Spontaneous parametric down-conversion

Schematic of SPDC process. Note that conservation laws are with respect to energy and momentum inside the crystal.

Spontaneous parametric down-conversion (also known as SPDC, parametric fluorescence or parametric scattering) is a nonlinear instant optical process that converts one photon of higher energy (namely, a pump photon), into a pair of photons (namely, a signal photon, and an idler photon) of lower energy, in accordance with the law of conservation of energy and law of conservation of momentum. It is an important process in quantum optics, for the generation of entangled photon pairs, and of single photons.

Basic process

An SPDC scheme with the Type I output

A nonlinear crystal is used to split photon beams into pairs of photons that, in accordance with the law of conservation of energy and law of conservation of momentum, have combined energies and momenta equal to the energy and momentum of the original photon and crystal lattice, are phase-matched in the frequency domain, and have correlated polarizations. The state of the crystal is unchanged by the process. If the photons share the same polarization it is deemed Type I correlation; if they have perpendicular polarizations it is deemed Type II. There is no polarization correlation between successive photon sets.[1]

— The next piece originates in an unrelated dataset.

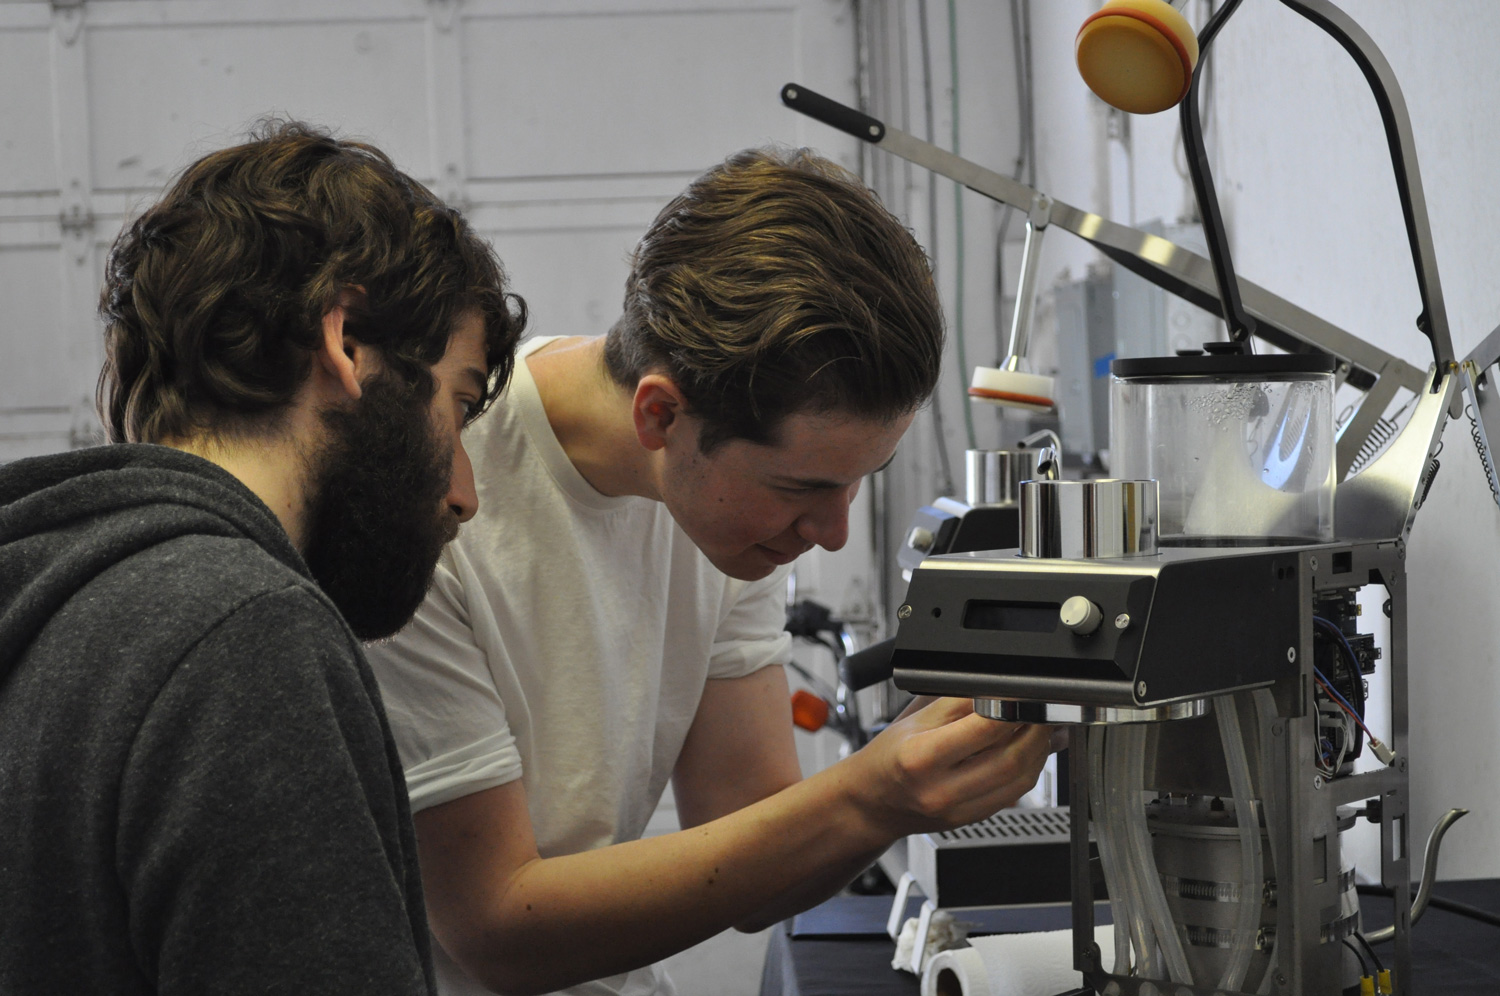 Blossom team member analyze coffee maker

The conversion efficiency of SPDC is typically very low, with the highest efficiency obtained is on the order of 4 pairs per 106 incoming photons for PPLN in waveguides.[2] However, if one half of the pair (the "signal") is detected at any time then its partner (the "idler") is known to be present. The output of a Type I down converter is a squeezed vacuum that contains only even photon number terms. The output of the Type II down converter is a two-mode squeezed vacuum.

Example

An SPDC scheme with the Type II output

In a commonly used SPDC apparatus design, a strong laser beam, termed the "pump" beam, is directed at a BBO (beta-barium borate) crystal. Most of the photons continue straight through the crystal. However, occasionally, some of the photons undergo spontaneous down-conversion with Type II polarization correlation, and the resultant correlated photon pairs have trajectories that are constrained to be within two cones, whose axes are symmetrically arranged relative to the pump beam. Also, due to the conservation of momentum, the two photons are always symmetrically located within the cones, relative to the pump beam. Importantly, the trajectories of the photon pairs may exist simultaneously in the two lines where the cones intersect. This results in entanglement of the photon pairs whose polarization are perpendicular.[3][4]:205

Another crystal is KDP (Potassium Dihydrogen Phosphate) which is mostly used in Type I down conversion, where both photons have the same polarization.[5]

History

SPDC was described as early as 1970 by D. Klyshko and coauthors,[6] and D. C. Burnham and D. L. Weinberg.[7][8] It was first applied to experiments related to coherence by two independent pairs of researchers in the late 1980s: Carroll Alley and Yanhua Shih, and Rupamanjari Ghosh and Leonard Mandel.[9][10] The duality between incoherent (Van Cittert–Zernike theorem) and biphoton emissions was found.[11]

Applications

SPDC allows for the creation of optical fields containing (to a good approximation) a single photon. As of 2005, this is the predominant mechanism for experimenter to create single photons (also known as Fock states).[12] The single photons as well as the photon pairs are often used in quantum information experiments and applications like quantum cryptography and Bell test experiments.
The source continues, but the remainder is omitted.